Воротник пальто у подбородка покрылся льдинками — от теплого воздуха.
Юля провела варежкой по воротнику, льдинки не отставали. Она оторвала одну льдинку вместе с комочком меха, положила на стол. Оторвала еще одну льдинку, еще…
«Что делать?! Что дел…»
Она выщипывала с воротника кусочки меха с дрожащими на концах крохотными льдинками, аккуратно складывала их на столе: одну к другой, одну к другой. Потом открыла шкаф, из стопки книг взяла одну. Посмотрела оглавление. Раздел «Хирургия брюшной полости» начинался на 145-й странице.
Часы показывали три ночи, когда она поднялась и пошла в палату.
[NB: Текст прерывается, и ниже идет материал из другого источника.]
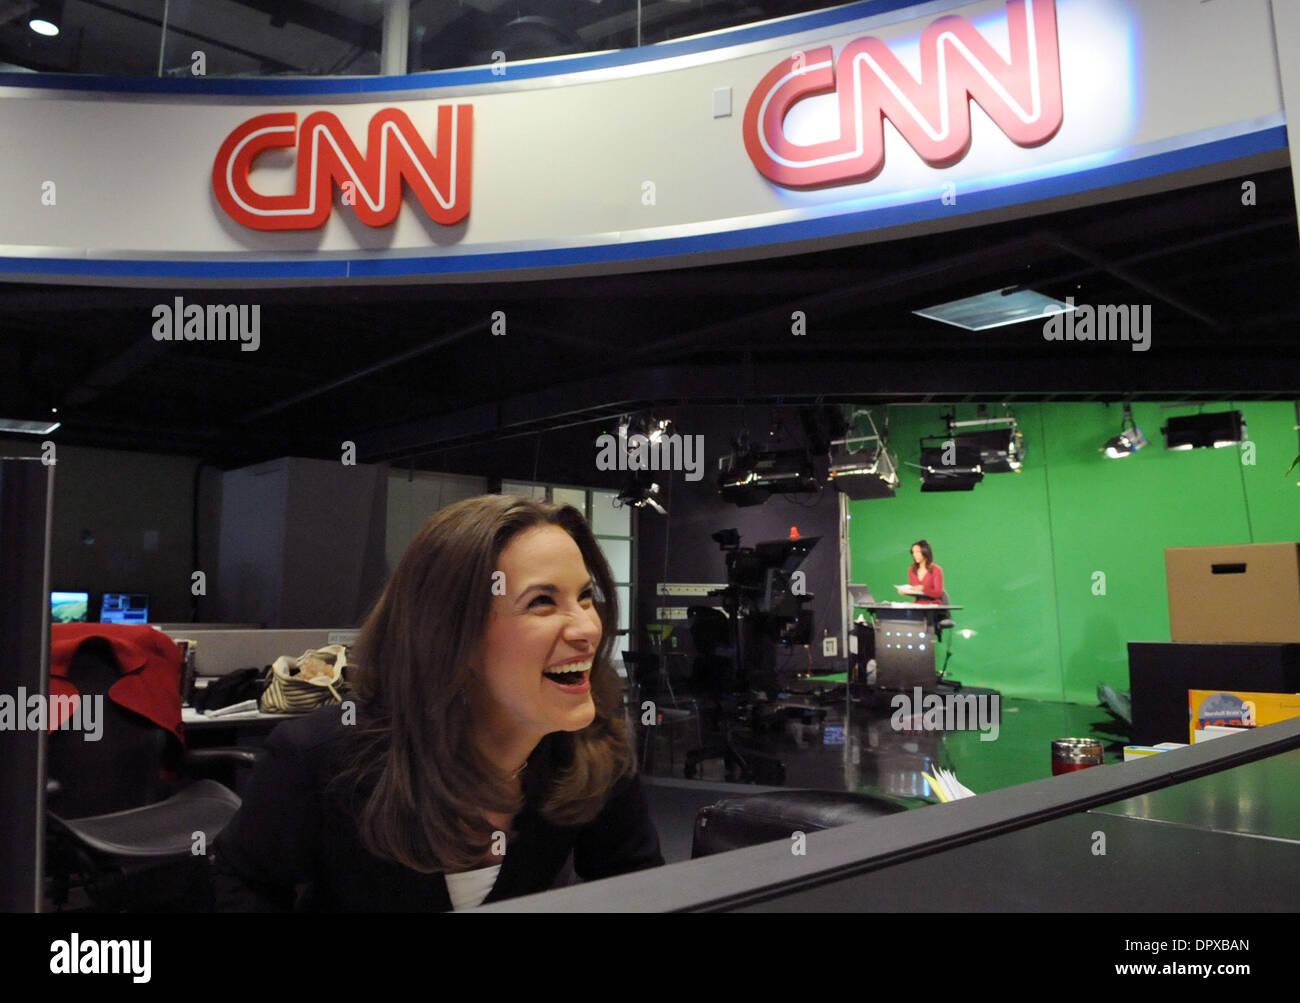 Jan 13, 2009   Atlanta, Georgia, USA   CNN.com Live Anchor MELISSA LONG  Speaks With Colleagues In The CNN.com Newsroom At The CNN Center. Part 66

Люся спала. Даже при скупом свете лампочки, забранной в оранжевый колпак, было видно, как бледно лицо девушки. Ни кровинки не было в лице. Одеяло на груди лежало неподвижно, будто и не дышит под ним человек.
Акинфов покинул свое обычное место: сидит перед открытой дверцей печки на перевернутой табуретке. Локти уперлись в колени, широченные ладони подпирают лицо. Он повернул к ней голову. Слабый свет не позволял увидеть выражение его глаз.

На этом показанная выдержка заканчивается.